The ornamental fish trade provides a pathway for the global translocation of aquatic parasites. We examined a total of 1020 fish imported from Singapore, Malaysia, Thailand, or Sri Lanka to Australia (including freshwater and marine fish species) for monogenean ectoparasites. Fish were received following veterinary certification that they showed no clinical signs of pests and diseases from the exporting country and visual inspection at Australian border control. Australian import conditions require mandatory treatment for goldfish with parasiticides (e.g. trichlorfon, formaldehyde, sodium chloride) for the presence of gill flukes (Dactylogyrus vastator Nybelin, 1924 and Dactylogyrus extensus Mueller and Van Cleave, 1932) prior to export. Over 950 individual parasites were detected in five imported fish species, representing 14 monogenean species. Seven Dactylogyrus spp. including D. vastator and three Gyrodactylus spp. infected goldfish, Carassius auratus Linnaeus, 1758, from Malaysia, Singapore, and Thailand. Dactylogyrus ostraviensis Řehulka, 1988, infected rosy barb, Pethia conchonius Hamilton, 1822, from Singapore, Sri Lanka, and Thailand while two Trianchoratus spp. infected three spot gourami, Trichopodus trichopterus Pallas, 1970 and pearl gourami Trichopodus leerii Bleeker, 1852, from Sri Lanka. Urocleidoides reticulatus Mizelle & Price, 1964, infected guppy, Poecilia reticulata Peters, 1859, from Sri Lanka. The discovery of D. vastator in goldfish, as well as 13 other monogenean species, shows that pre-export health requirements, which include chemical treatment of goldfish, and inspection of all ornamental fish species did not prevent infection by monogeneans. Inspection prior to exportation and at border control must account for the highly cryptic nature of monogenean parasites and consider alternatives to current pre-export conditions and visual inspection at border control.
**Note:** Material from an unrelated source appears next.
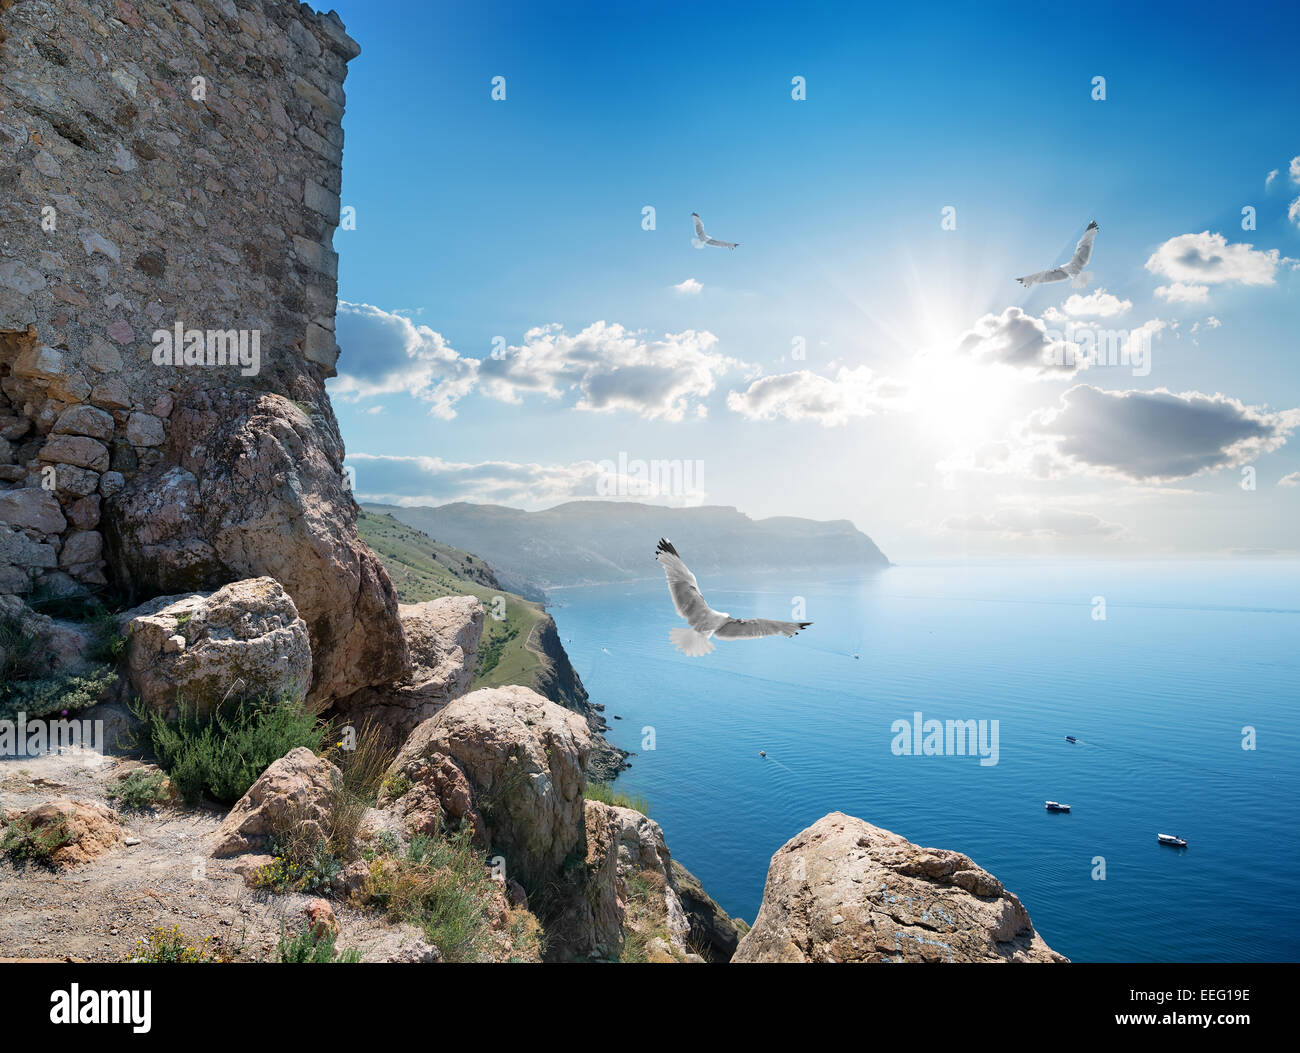 Festung in der Nähe von Meer in schöner sonniger Tag Stockfoto

Parasite Dispersal From the Ornamental Goldfish Trade

Goldfish, Carassius auratus Linnaeus, 1758, are immensely popular ornamental cyprinid fish, traded in more than 100 countries. For more than 500 years, human translocation has facilitated the spread of goldfish globally, which has enabled numerous and repeated introductions of parasite taxa that infect them. The parasite fauna assemblage of goldfish is generally well documented, but few studies provide evidence of parasite coinvasion following the release of goldfish. This review provides a comprehensive synopsis of parasites that infect goldfish in farmed, aquarium-held, native, and invasive populations globally and summarises evidence for the cointroduction and coinvasion of goldfish parasites. More than 113 species infect goldfish in their native range, of which 26 species have probably coinvaded with the international trade of goldfish. Of these, Schyzocotyle acheilognathi (Cestoda: Bothriocephalidae), Ichthyophthirius multifiliis (Ciliophora: Ichthyophthiriidae), Argulus japonicus (Crustacea: Argulidae), Lernaea cyprinacea (Crustacea: Ergasilidae), Dactylogyrus anchoratus, Dactylogyrus vastator and Dactylogyrus formosus (Monogenea: Dactylogyridae) are common to invasive goldfish populations in more than four countries and are considered a high risk of continued spread. Coinvasive parasites include species with direct and complex life cycles, which have successfully colonised new environments through utilisation of either new native hosts or suitable invasive hosts. Specifically, I. multifiliis, A. japonicus and L. cyprinacea can cause harm to farmed freshwater fish species and are important parasites to consider for biosecurity. These species may threaten other aquatic animal industries given their low host specificity and adaptable life histories. Future attention to biosecurity, management and border detection methods could limit the continued spread of exotic parasites from the ornamental trade of goldfish.